BEGIN

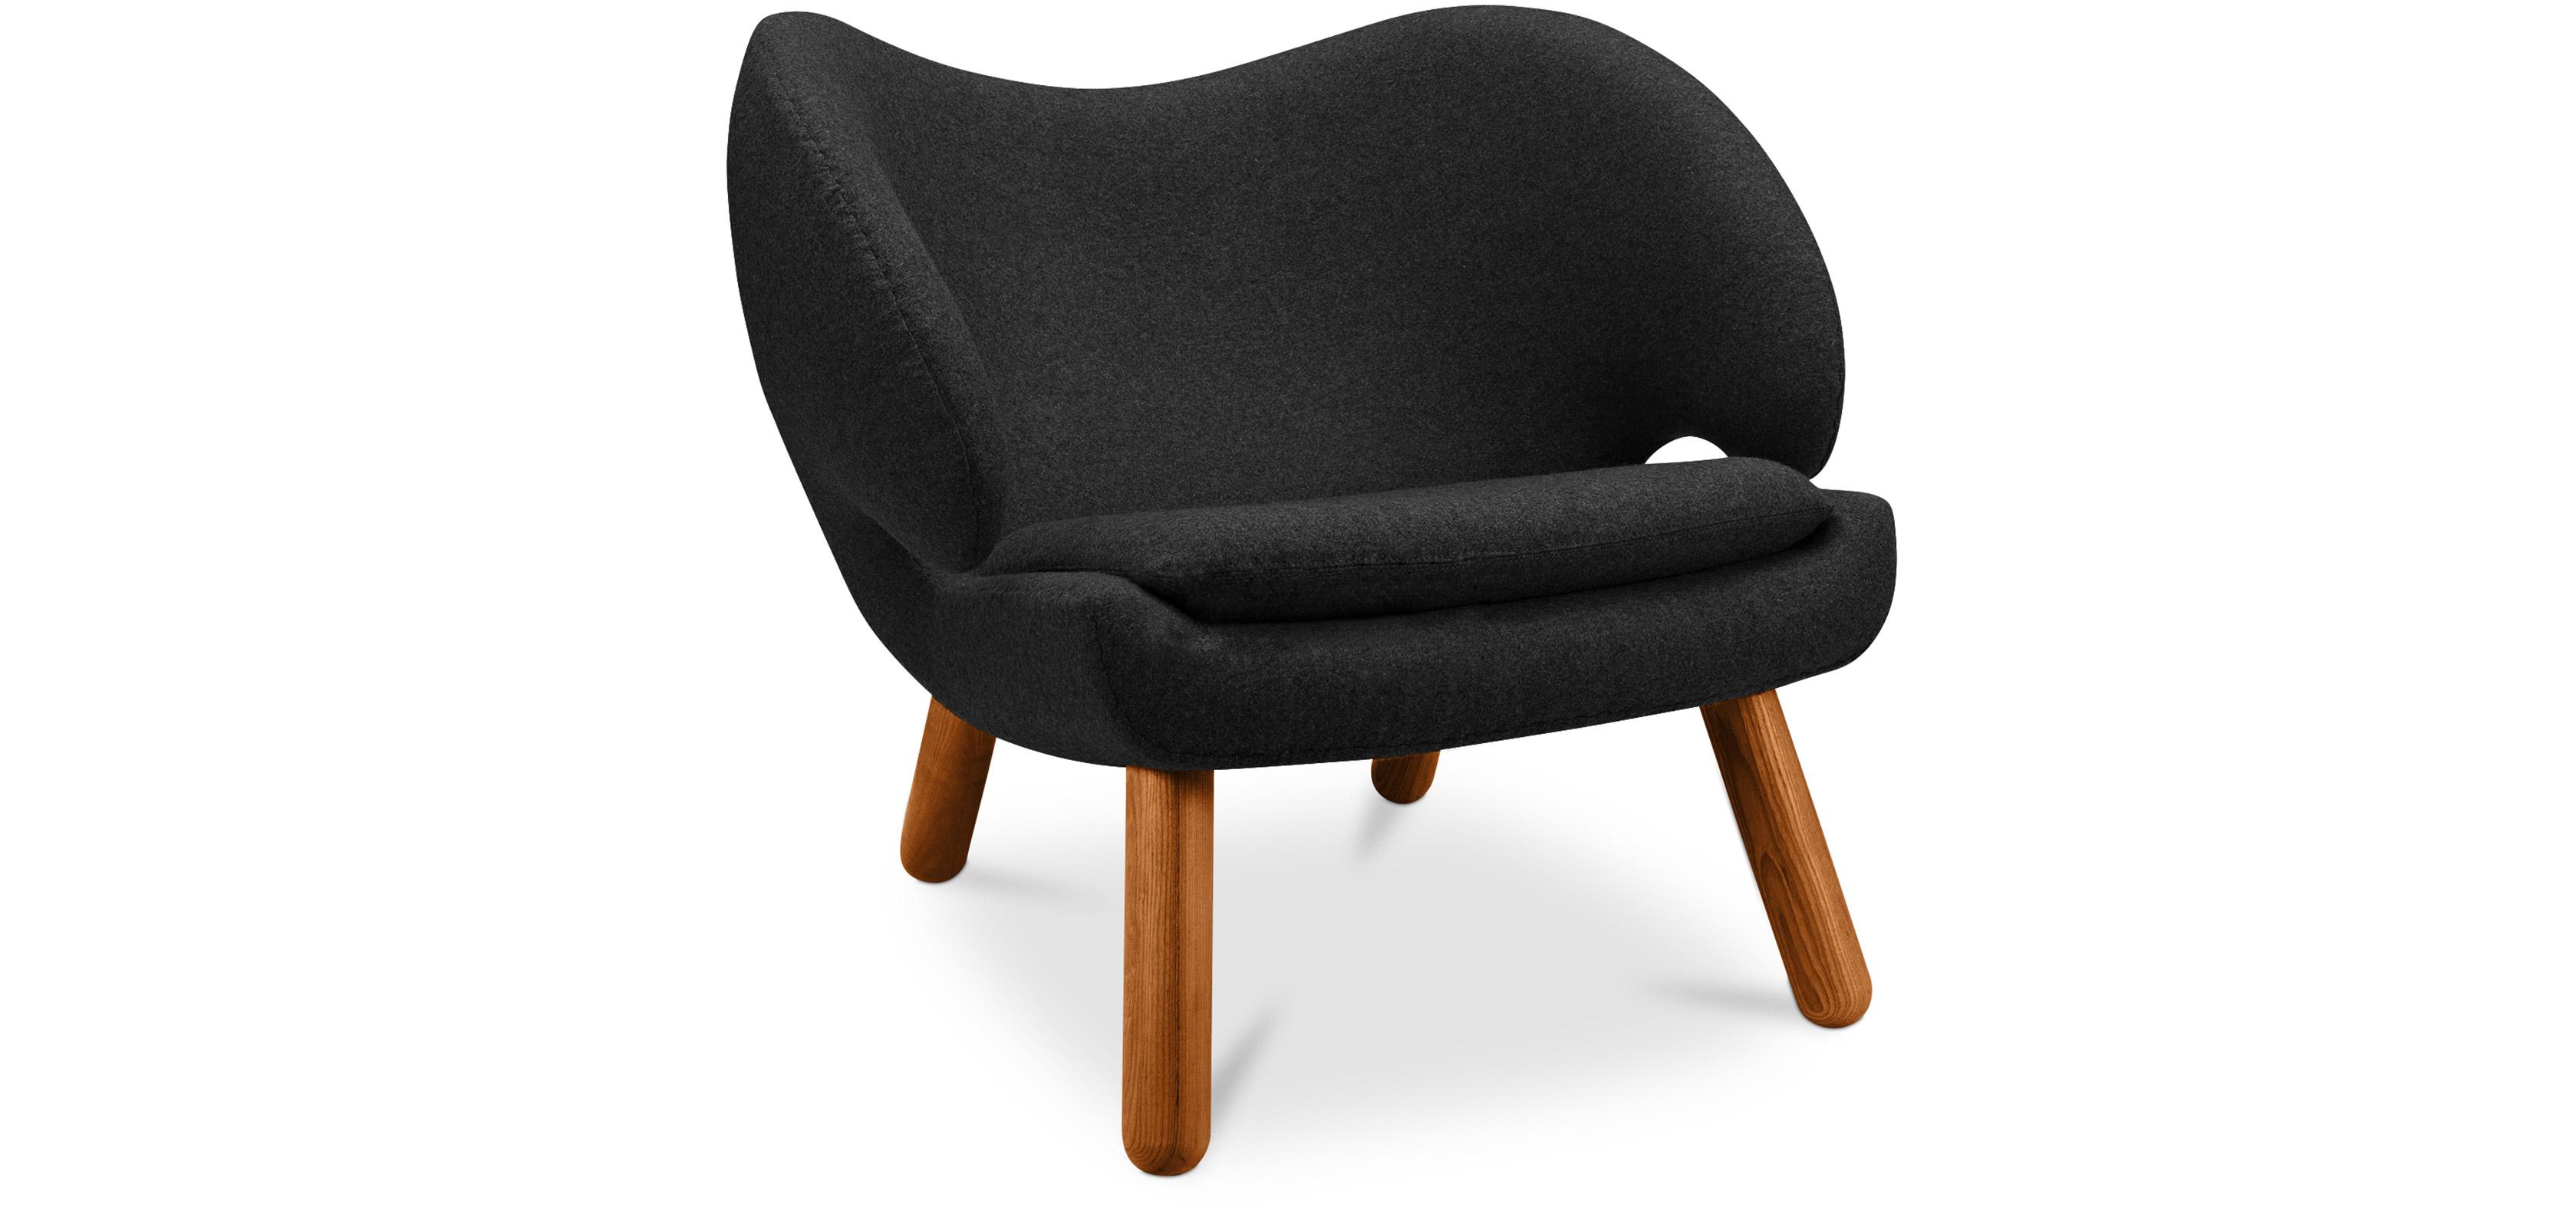 Skandinavisches Design Sessel Sessel Skandinavisches Design Sessel
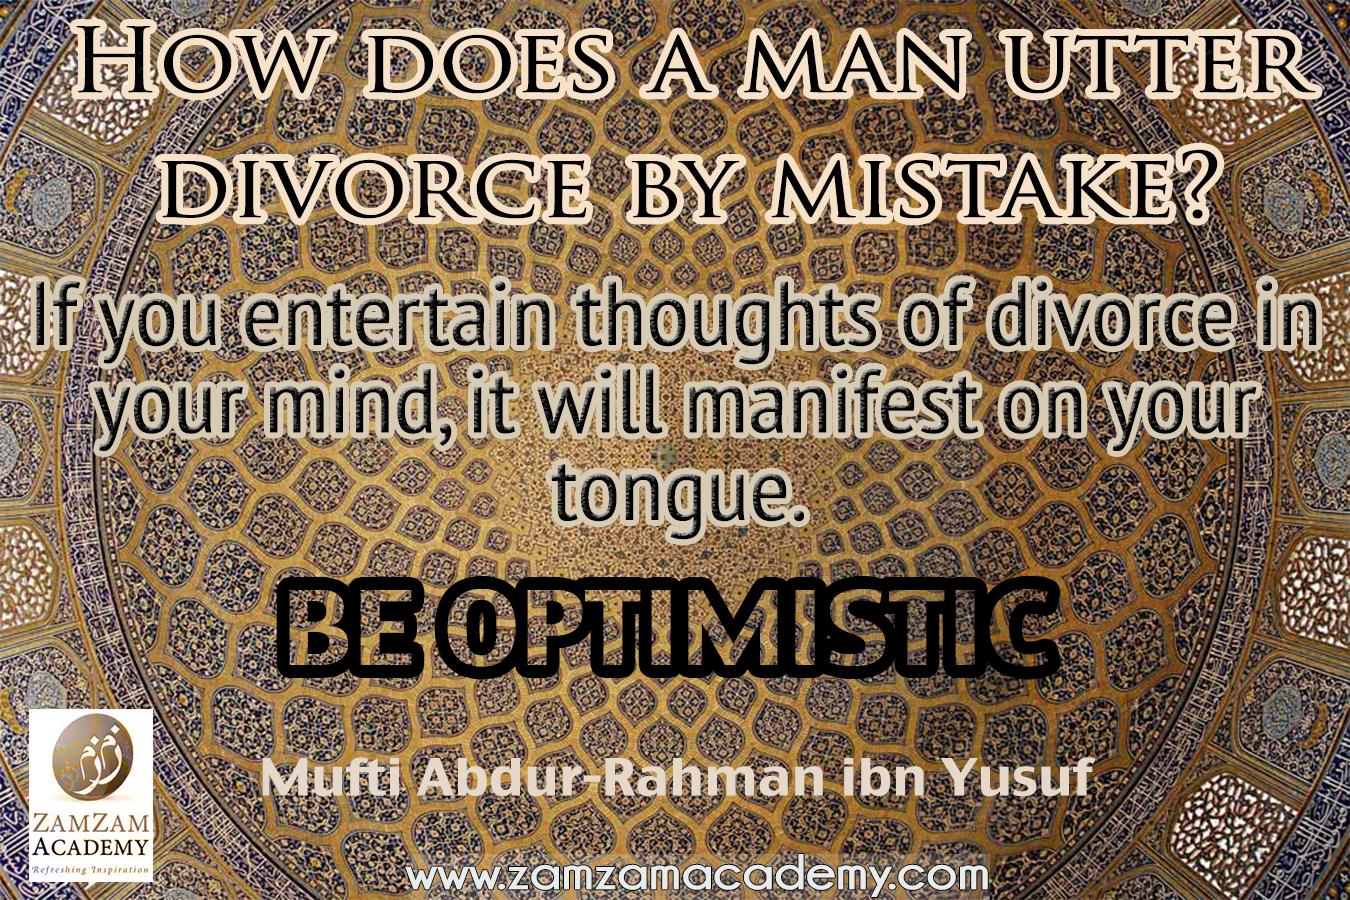 Divorce Quotes Quotesmufti Abdurrahman Ibn Yusuf  Zamzam Academy
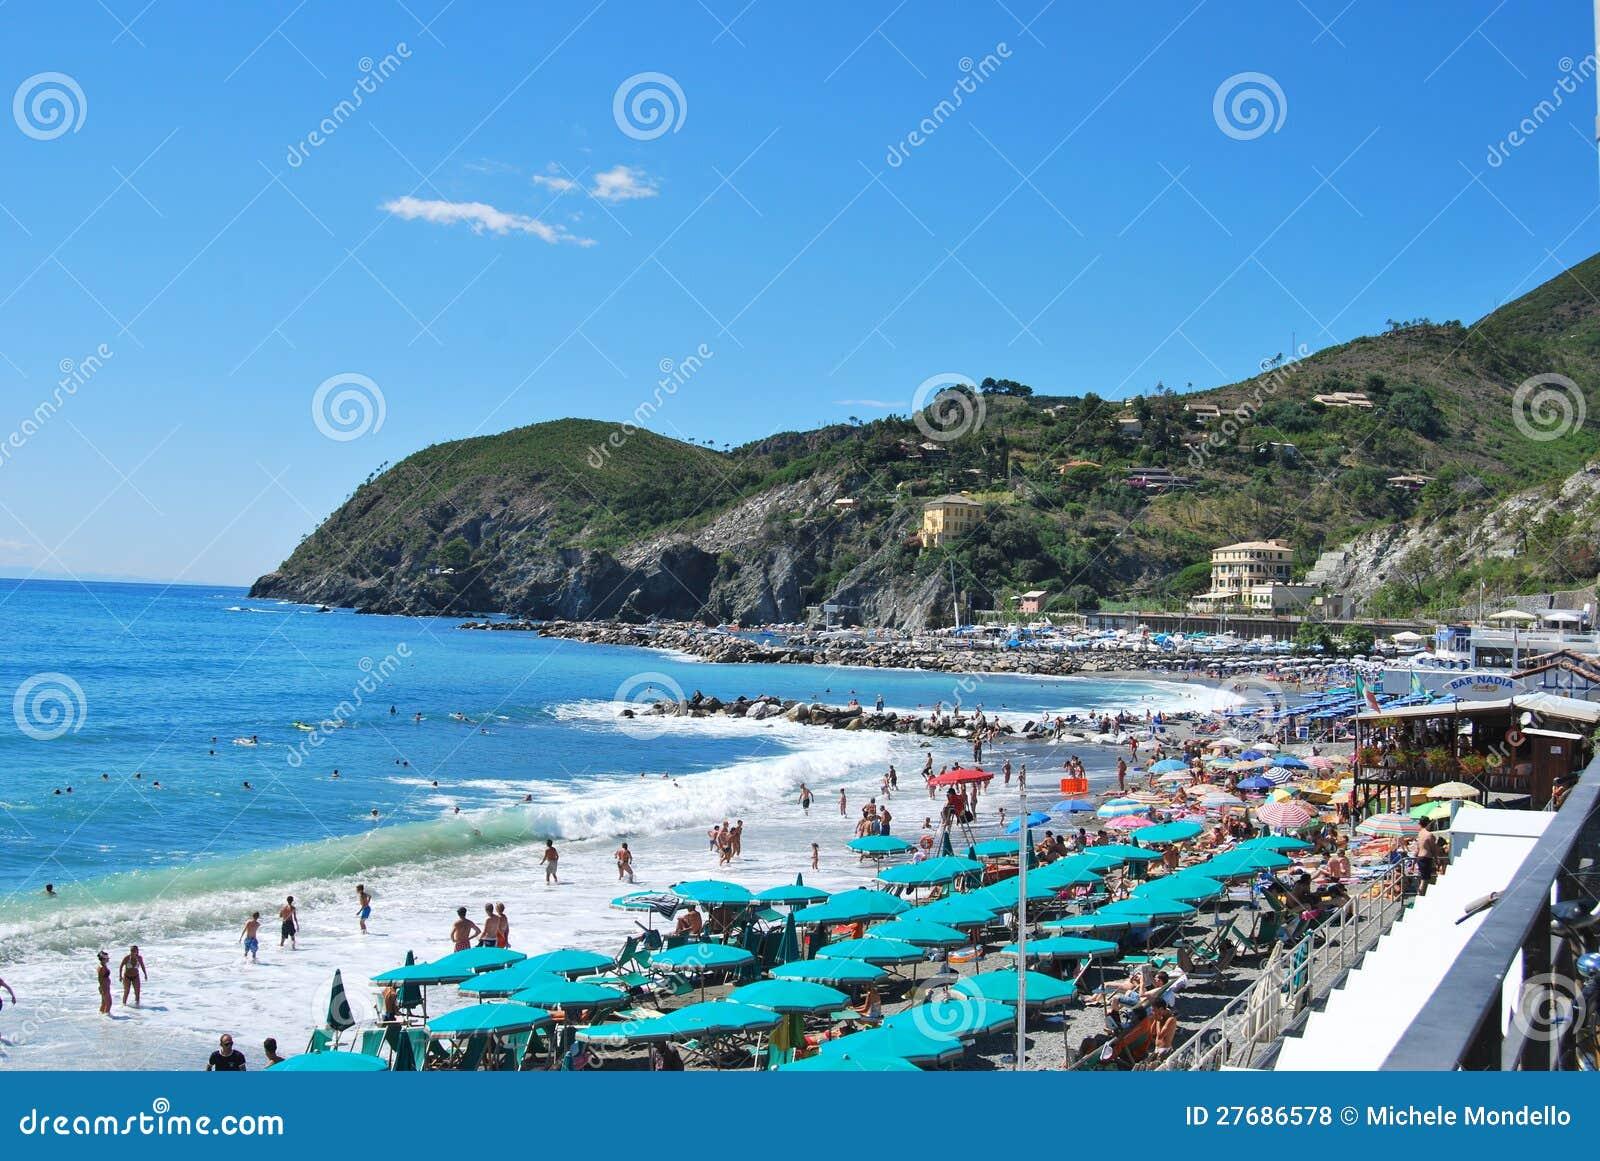 Plage de levanto l 39 italie photo stock ditorial image du italie ville 27686578 - Levanto italie office du tourisme ...
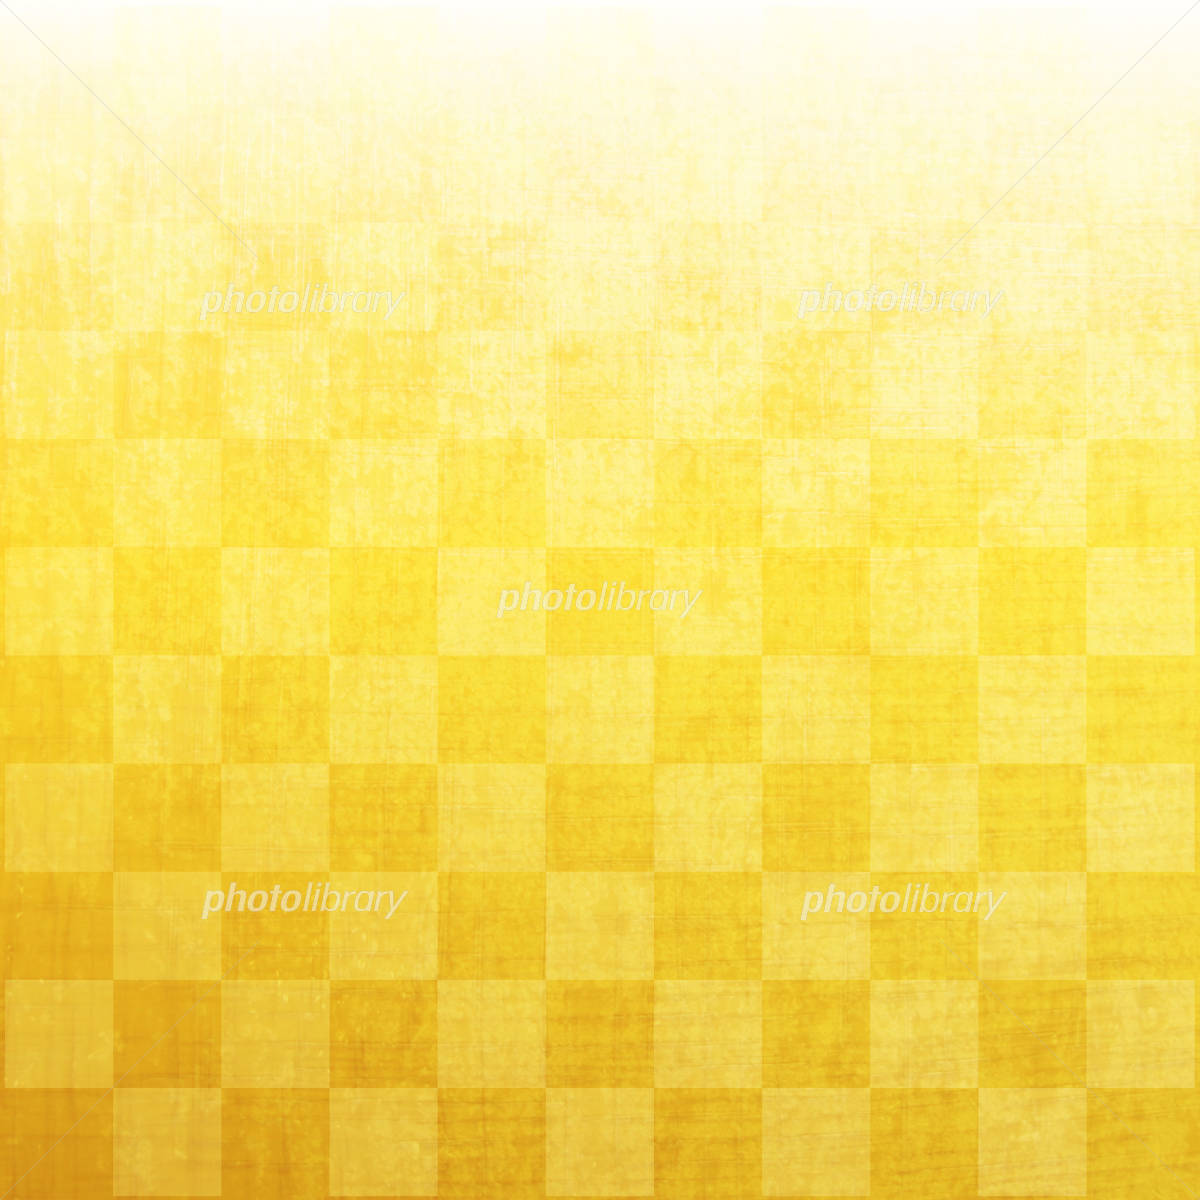 Checkered background イラスト素材

END

## REQUIRED WORK
Every line above must appear in the answer unchanged, and no picture may appear in it.

## RESULT OF THIS TASK
 Skandinavisches Design Sessel Sessel Skandinavisches Design Sessel
 Divorce Quotes Quotesmufti Abdurrahman Ibn Yusuf  Zamzam Academy
 Plage de levanto l 39 italie photo stock ditorial image du italie ville 27686578 - Levanto italie office du tourisme ...
 Checkered background イラスト素材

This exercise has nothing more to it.